Evaluation of the antigenicity and reactogenicity of varying formulations of the rhesus rotavirus-based quadrivalent and the M37 rotavirus vaccine candidates

Three phase l trials of the rhesus rotavirus (RRV) based quardrivalent vaccine composed of sero-type 3 (RRV), and serotypes 1 (D × RRV), 2 (DS1 × RRV), and 4 (ST3 × RRV) human rotavirus × RRV reassortants] and the M37 (nursery strain) rotavirus vaccine candidates were conducted in an attempt to find a safe and optimally antigenic formulation. Infants 10-20 weeks old received, in trial I, 1) the quadrivalent vaccine as two separate bivalent doses (1 × 10⁴PFUeachof D × RRV and RRV, followed 4 weeks later by 1 × 10⁴ PFU each of DS1 × RRV and ST3 × RRV) or 2) placebo; in trial II, 1) one dose of quadrivalent vaccine (10⁴ PFU of each component), or 2) two doses of quadrivalent vaccine, or 3) a 10⁴ PFU dose of M37 vaccine, or 4) M37 vaccine followed by the quadrivalent vaccine, or 5) placebo; in trial III, 1) a dose of a higher-titered quadrivalent vaccine (10⁵ PFU of each component), or 2) two doses of higher titered quadrivalent vaccine, or 3) a dose of higher titered M37 vaccine (10⁵ PFU) or 4) two doses of M37 vaccine (10⁵ PFU), or 5) M37 vaccine (10⁵ PFU) followed by the higher titered quadrivalent vaccine, or 6) placebo.
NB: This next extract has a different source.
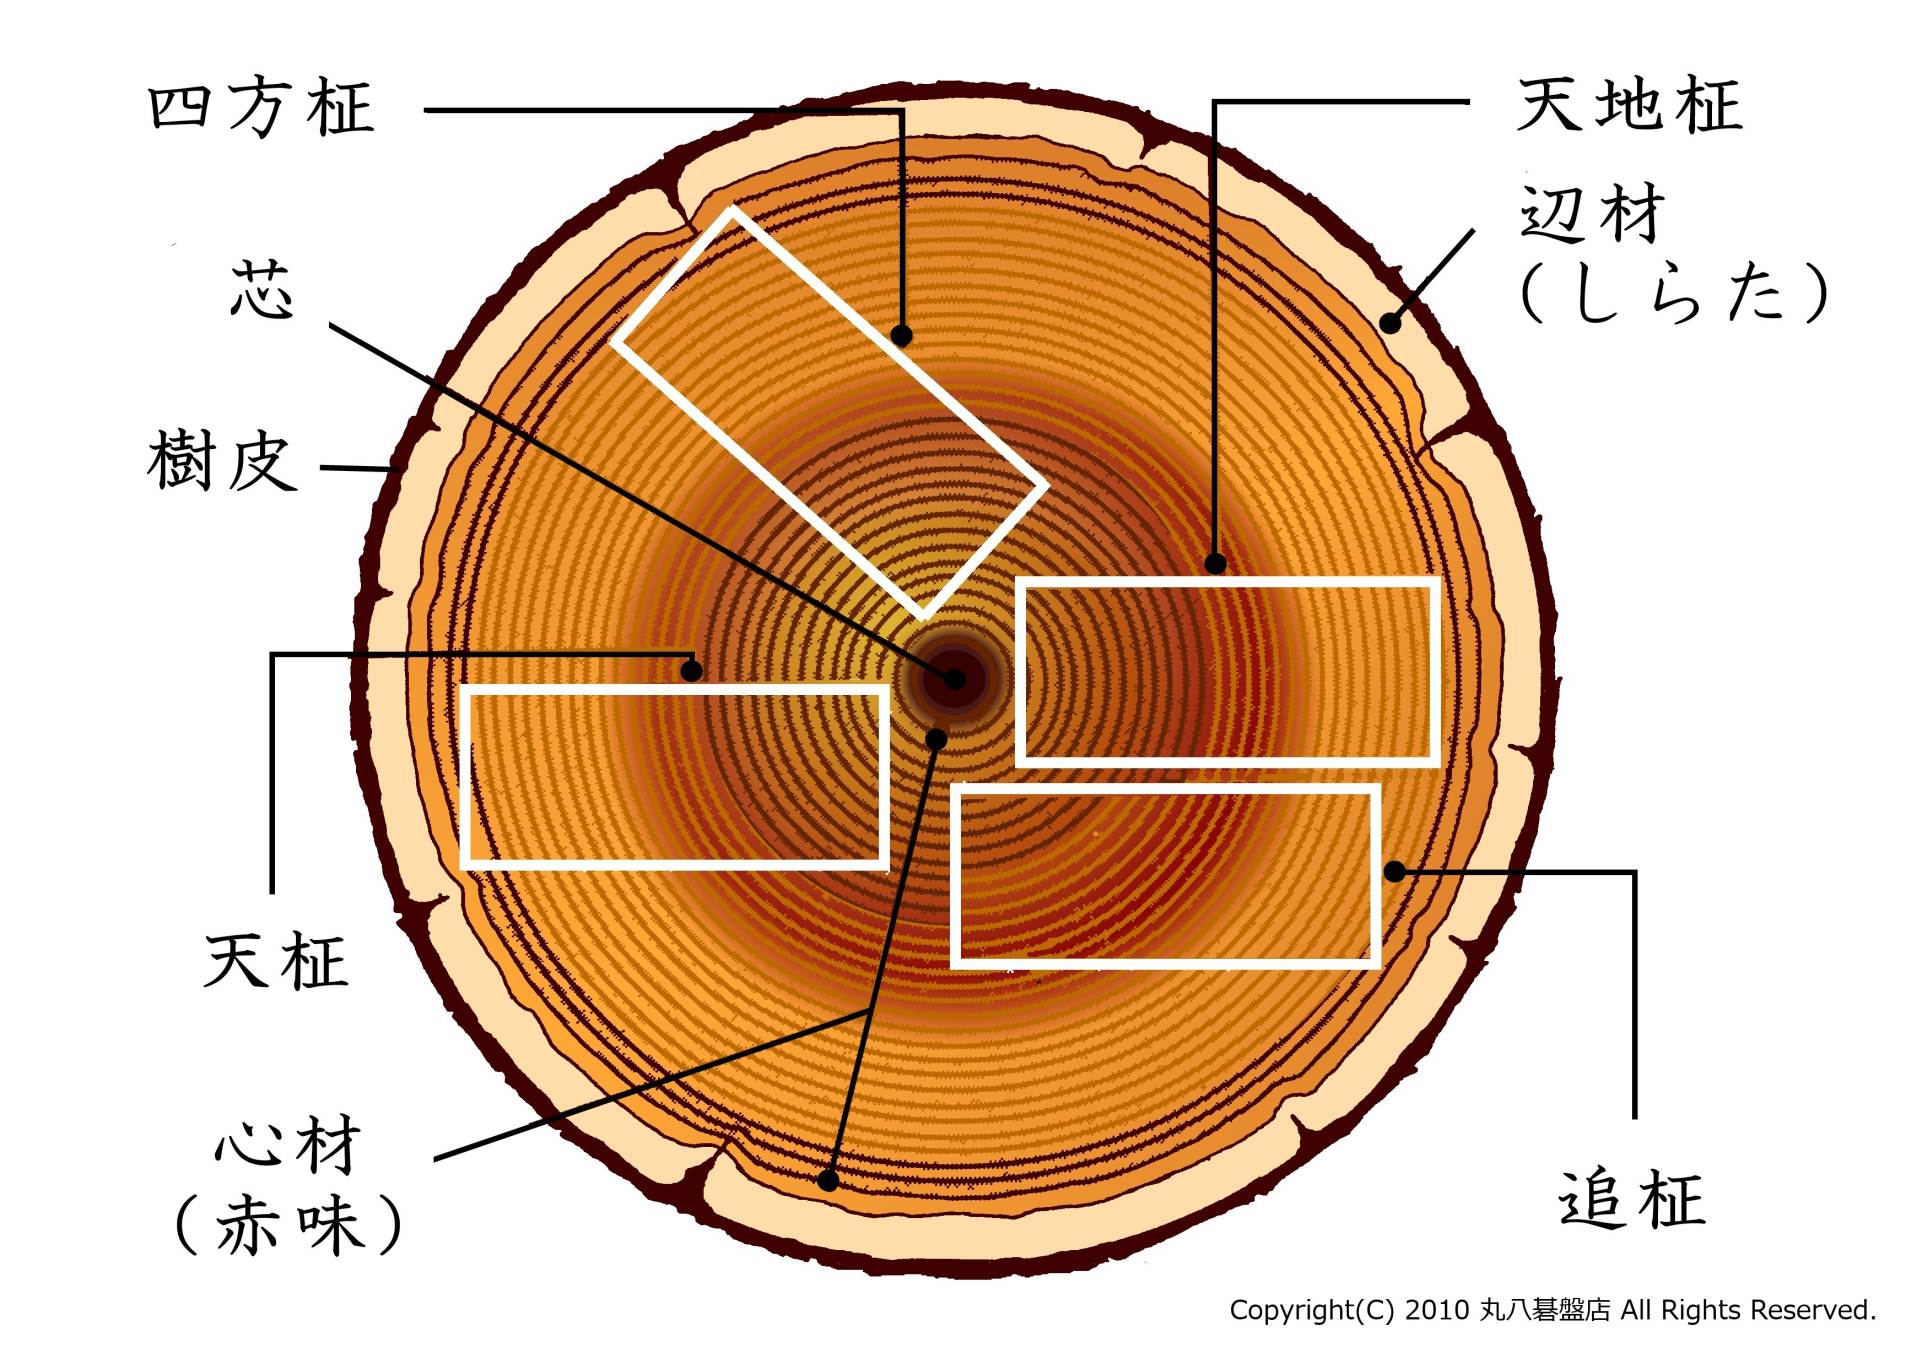 囲碁盤 天地柾 柾目 美杢目 約17.5cm 天然木

A mild, transient fever during the first week post-vaccination was associated with the bivalent or quadrivalent vaccines but not with the M37 vaccine. Fourfold or greater serum IgA ELISA responses to rotavirus were observed in 48-92% of the infants receiving quadrivalent vaccine and in 32-50% of those receiving M37 vaccine. Neutralization seroresponses to human rotaviruses in infants receiving quadrivalent vaccine ranged from 9% (to serotype 3 in recipients of the first dose of bivalent vaccine in trial I) to 68% (to serotype 1 in recipients of two doses of higher titered quadrivalent vaccine in trial III). M37 vaccine induced homologous neutralization responses in 33-78% of the infants and responses to human strains sharing its VP7 (Wa) or VP4 (ST3) serotype in 13-35% of the infants. Overall, both vaccine candidates induced a greater number of antibody responses when two doses or a higher titered preparation was administered. © 1994 Wiley-Liss, Inc.